I’m preparing for something that is coming towards me, unstoppable as a train. Separate drawers, separate lives; these are the necessary precautions and I perform them with the cool precision of a surgeon. I’m almost certain Dave won’t find out, and if he does, my only defence will be, pathetic as a shrug: ‘I couldn’t stop it.’
Lies, arguments, silence, secrets. This is the new anatomy of our marriage.
six
Diary: Wednesday, 11 November 1992
I phoned HM, he’d just got out of the shower (there’s an image), we talked for a bit. He said he’s got a letter for me, he’s had it for a week and kept forgetting to give it to me! I remember now seeing him at the play rehearsals the other day and he dropped an envelope, then shoved it back into his jeans pocket. I had a feeling it might be for me. He says he’ll give it to me on Saturday – nudge nudge, wink wink, etc.

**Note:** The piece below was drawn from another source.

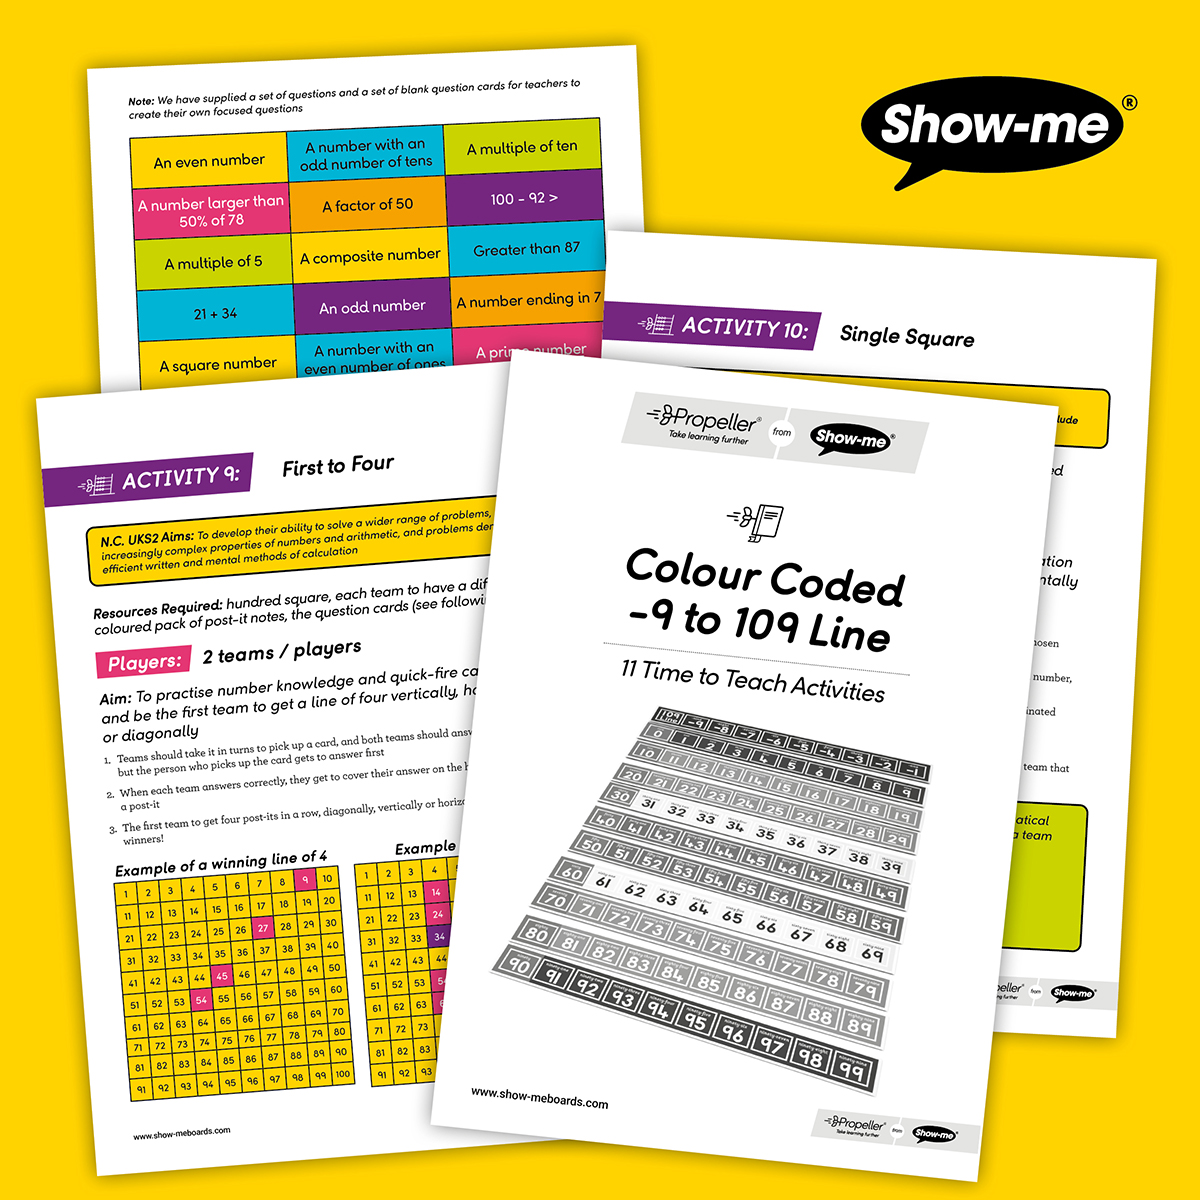 Time to Teach – Colour Coded -9 to 109 Line Colour – Download

When I think about it, I have really sort of worked on him, and I feel like I’m getting somewhere. In the space of about a year, I’ve decided I would get close to him and I have. I wonder if this will always work for me? I know I’m not exactly good looking, so it’s not like I attract loads of boys, but I think I have a good mind and once I set it on someone, I get them.
I have got a tiny piece of HM – but it gives me hope. I will get all of him some day.
No one at home questioned why I was going to Mr Morgan’s house on a Saturday, although I didn’t give them the opportunity to. I only told Alex, who muttered, ‘he’s a pervert’, but then, he said that about everyone. ‘Pervert’ was his new favourite word. He even shouted it at Dad once, who just blinked at him as though he didn’t know what it meant.
I was up early, twisting my damp hair into knots to make it curl, humm
ing, slathering cocoa butter onto my skin until the smell made me feel dizzy. Mum was busy ‘cleaning’. Contrary to initial appearances, she wasn’t very domestic. She made a martyred show of housework but was terrible at it. She would spray polish without dusting first, leaving sweet-smelling balls of hair and mites mummified on the furniture. She vacuumed only the centre of rooms, so that the edges turned grey while a central circle of carpet buzzed with colour.
The soundtrack to what she called cleaning was always The Musicals. She loved them all. You could tell what mood she was in by which record she was playing: today was Phantom of the Opera so was obviously going to be dramatic. Her quivering voice fought with the vacuum cleaner.
As I edged towards the window she saw me, narrowed her eyes and shouted, ‘Why are you wearing so much makeup so early in the day?’
‘I’m going out,’ I yelled over Michael Crawford. I stood at the window watching for your car, and immediately its blue-green nose rounded the corner I was down the path.
‘See you later,’ I called, my bag swinging behind me.
Even though I hoped I would be staying all day, I ran my eye greedily over every detail of your bungalow: a square, welcoming hall and five closed doors. You opened one of them, to the right, and motioned for me to enter the lounge. Its terracotta walls looked freshly painted. A sofa and matching chaise-longue showed no signs of wear. I looked down. A bold, diamond-patterned rug was positioned in perfect alignment against the polished dark wood floorboards. Even your scatter cushions were organised. Reluctant to sit down for fear of creasing something, I retreated and found you in the kitchen (spotless). I watched you from the doorway and laughed when you filled the kettle from a little jug rather than just yanking it from the wall as we did at home.